# Sex Survey: what is good sex & best age for sex 66 &64



## Young at Heart (Jan 6, 2015)

An interesting survey of singles. As an older man, I find encouraging that sex in one's 60's is the optimal age. I guess retirement, being part of an enthusiastic couple, and being able to get it up, along with body confidence are keys to good sex at this age. Also interesting about kissing, communications, orgasms, and saying I love you.
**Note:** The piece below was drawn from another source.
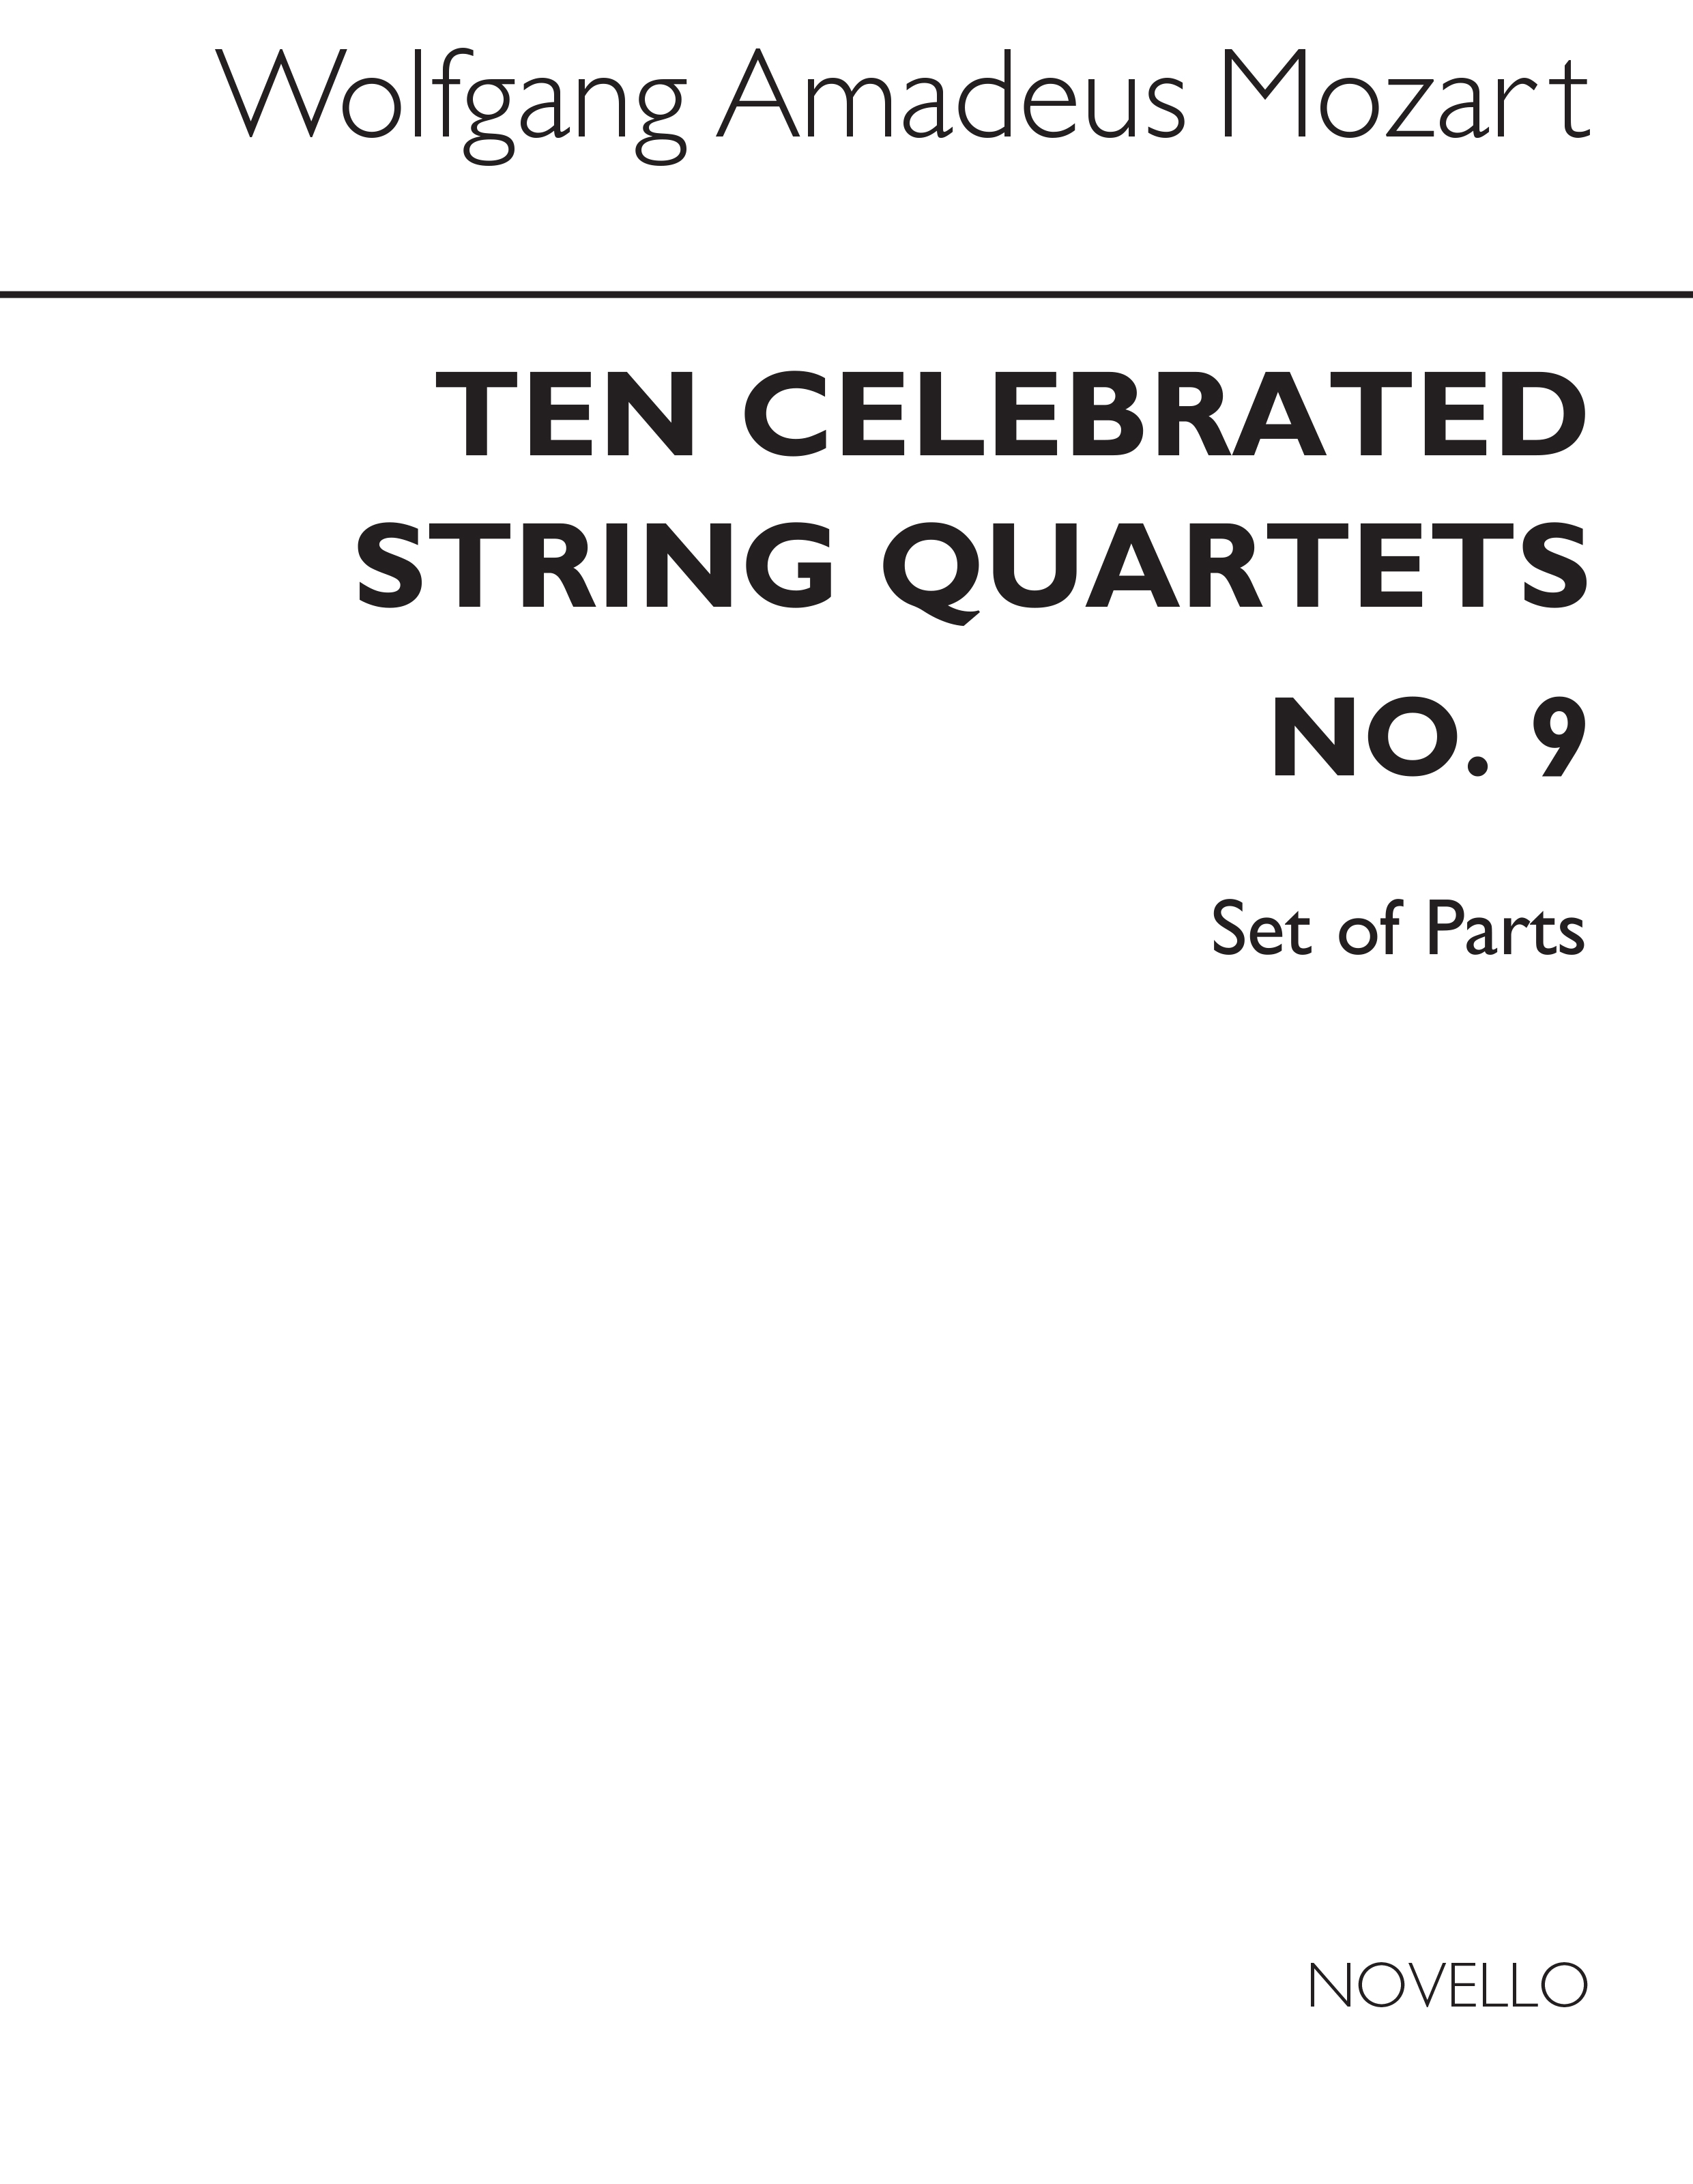 Wolfgang Amadeus Mozart: Ten Celebrated String Quartets No.9 Parts (K.589):

https://www.freep.com/story/news/nation-now/2018/02/01/singles-america-match-survey-dating-what-makes-good-sex-bad-sex/1078507001/



> Eighty-three percent of singles, regardless of sexual orientation, ranked a caring and enthusiastic partner as the top two indicators of good sex. Other ingredients that lead to good sex are communication, a good kisser and someone who helps them achieve orgasm, according to the survey.
> 
> “We have focused too much on sexual novelty, but you should never abandon the basics," says Helen Fisher, a biological anthropologist and chief scientific adviser to Match, who helped develop the representative survey of more than 5,000 singles. "Anyone can learn that good sex is attainable.”
> 
> ...





> And when it comes to the best age for good sex, knocking boots only gets better as you age, according to the survey.
> 
> The survey found that the best age for sex in women is 66 and men is 64. A common misconception is that younger people are having better sex, deAyala said.
> 
> ...


----------



## EllisRedding (Apr 10, 2015)

My W and I are not two years apart, so what do we do? At a minimum, I will pencil in my calendar for when I turn 64 as the next time to expect sex


----------



## Married but Happy (Aug 13, 2013)

Ah, hope for the future! I'm almost the age listed, but looking back, I'd say the best sex was in my 40s and 50s, but largely because it was a _bit_ more frequent. It's every bit as good now (I don't think I'd say better, but satisfaction is still way up there), but no longer happens Every. Single. Day. Retirement will probably fix that, as we won't have to work around work schedules, and energy now devoted to work can be better directed towards sex.


----------



## Young at Heart (Jan 6, 2015)

Married but Happy said:


> Ah, hope for the future! .......
> 
> Retirement will probably fix that, as we won't have to work around work schedules, and *energy now devoted to work can be better directed towards sex*.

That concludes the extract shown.